My teacher says we cant use appends @ in our program so im going to write my own recursive function for it.

Here is what i have so far:

(my own appends function)

let rec appends a b = 
    match a with
    | [] -> b
    | hd::[]-> hd::b
    | hd::tl-> (what i need help on)
    ;;

im not sure how to add just the last element of a to b if a is a list with multiple elements and then call appends on the first part since you can only remove the first element of a list with the :: any advice would be appreciated

Answer 1

Late answer, but consider that [1; 2; 3] is a syntactic convenience for 1 :: 2 :: 3 :: []. If you wanted to append [4; 5; 6] to [1; 2; 3] you need to replace the [] with [4; 5; 6].

You need to turn append [1; 2; 3] [4; 5; 6] into 1 :: 2 :: 3 :: [4; 5; 6].

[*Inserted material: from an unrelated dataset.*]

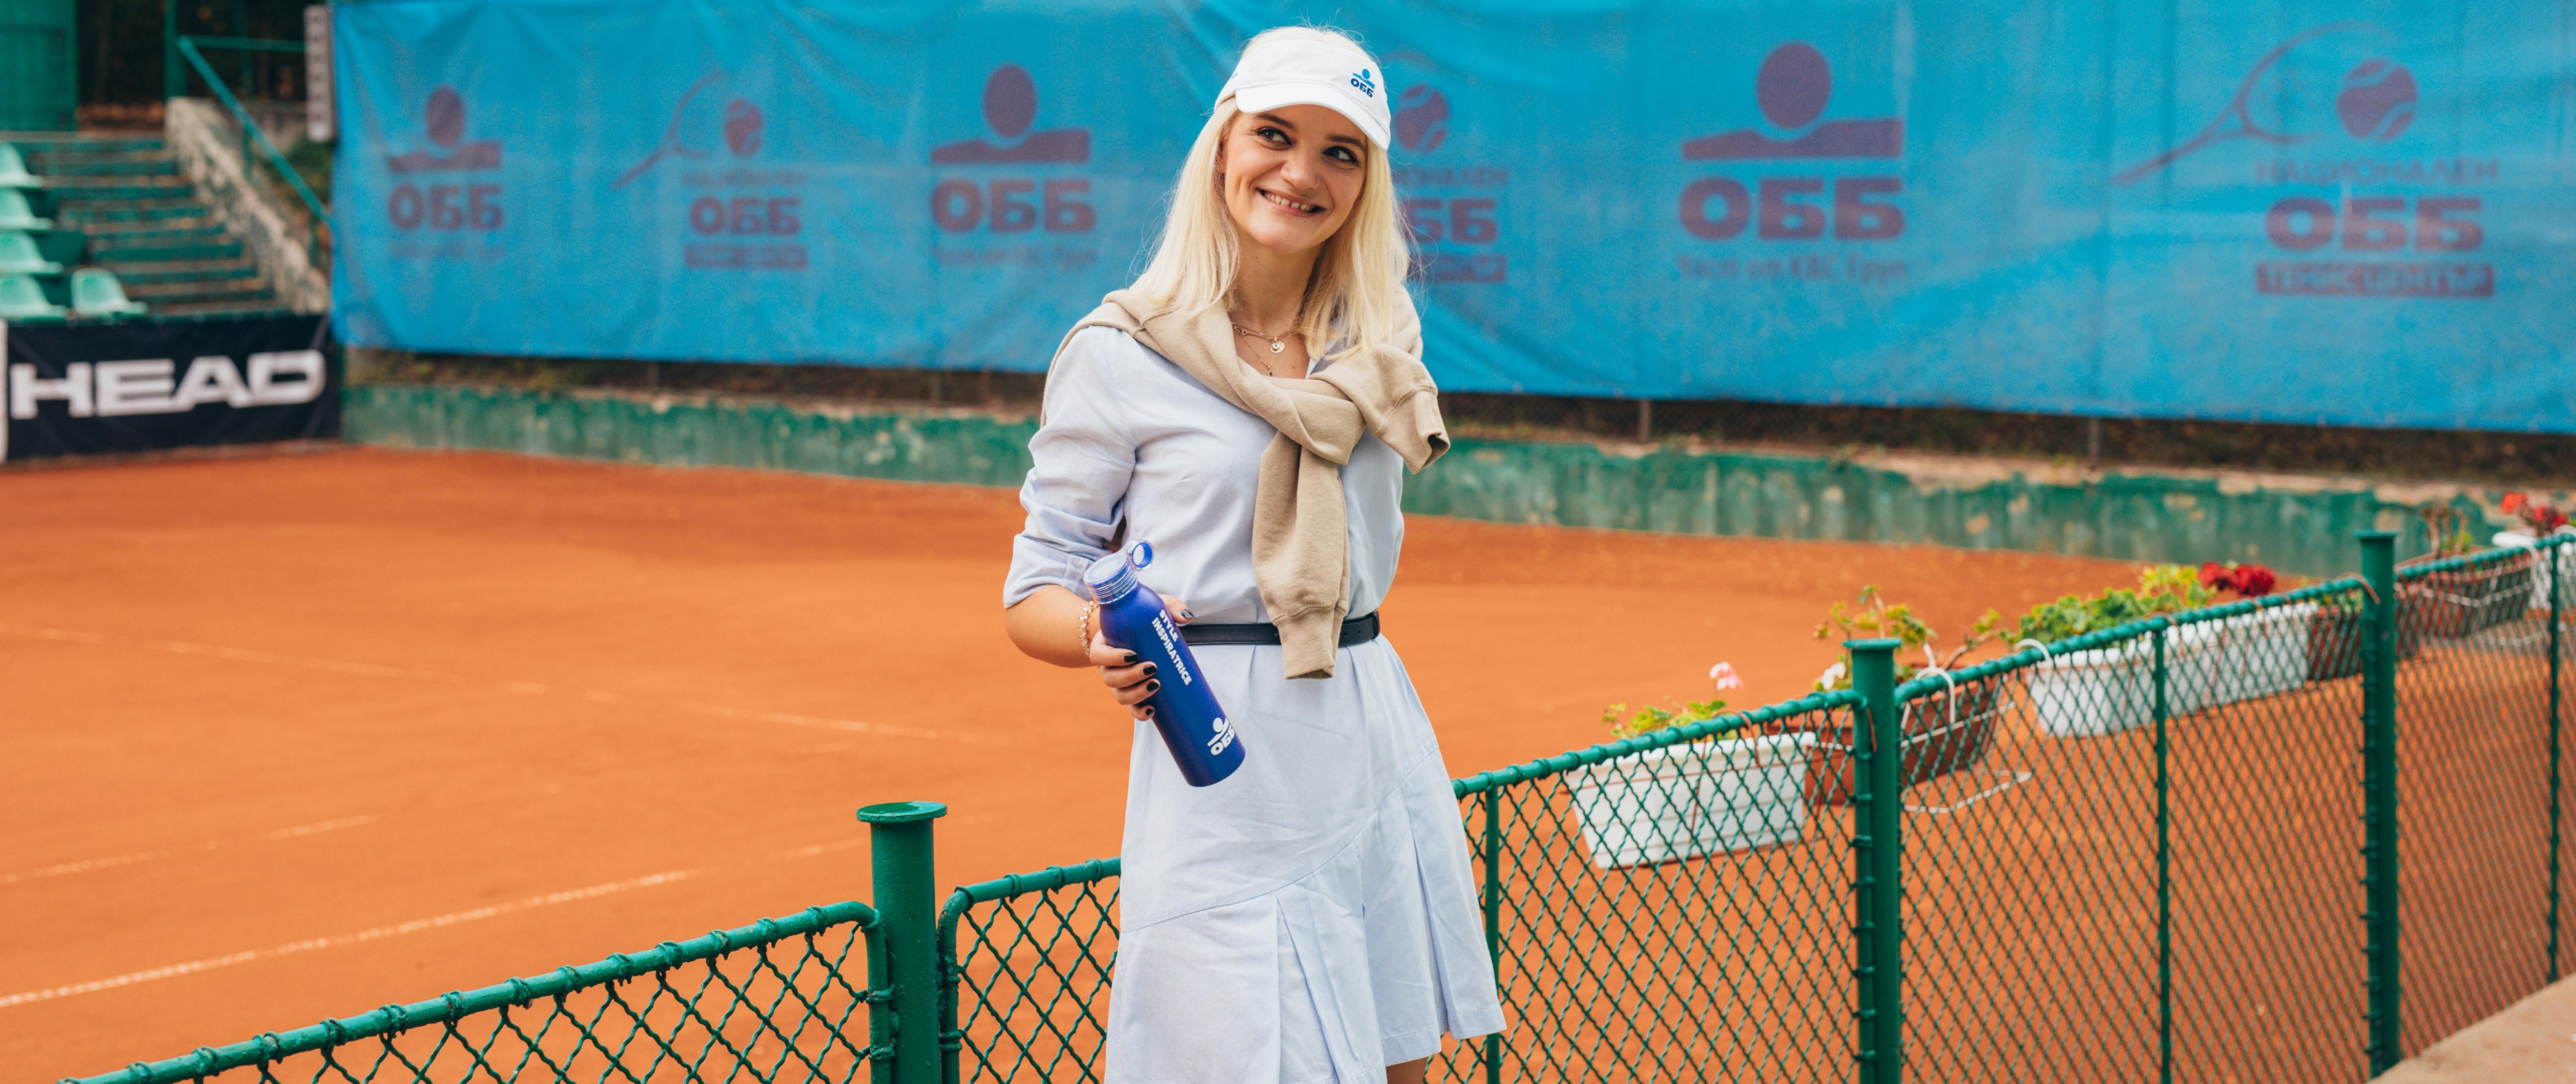 ОББ тенис турнир стайлинг

If I just wanted to write an identity function for a list, it'd look like:

let rec list_id lst =
  match lst with
  | [] -> []
  | x::xs -> x :: list_id xs

Now, you just need to pass in a second list, and have the base case return that instead. A locally scoped recursive function with access to b solves this nicely.

let append a b =
  let rec aux = function
    | [] -> b
    | x::xs -> x :: aux xs
  in
  aux a

Answer 2

Something that might help is to think more functionally, i.e., to think of the code as a definition of what it means in principle to append two lists. This is as opposed to thinking of the code as a set of actions to be performed. Sometimes this helps, especially when coding in a functional language.

So, your first case says: if a is empty, the result of appending a and b is just b itself.

Your second case says: if a is a list of one element hd, the result of appending a and b is a list that consists of hd added to the beginning of b.

You're looking for a general definition for appending that works for any non-empty list a. The key insight is that your definition can be recursive, i.e., it can use your appends function.

So here is a proposed definition: if a is a list whose head is hd and whose tail is tl, the result of appending a and b is a list whose head is hd and whose tail is tl appended to b.

(This in fact gives the whole thing away. I hope it doesn't spoil the exercise for you.)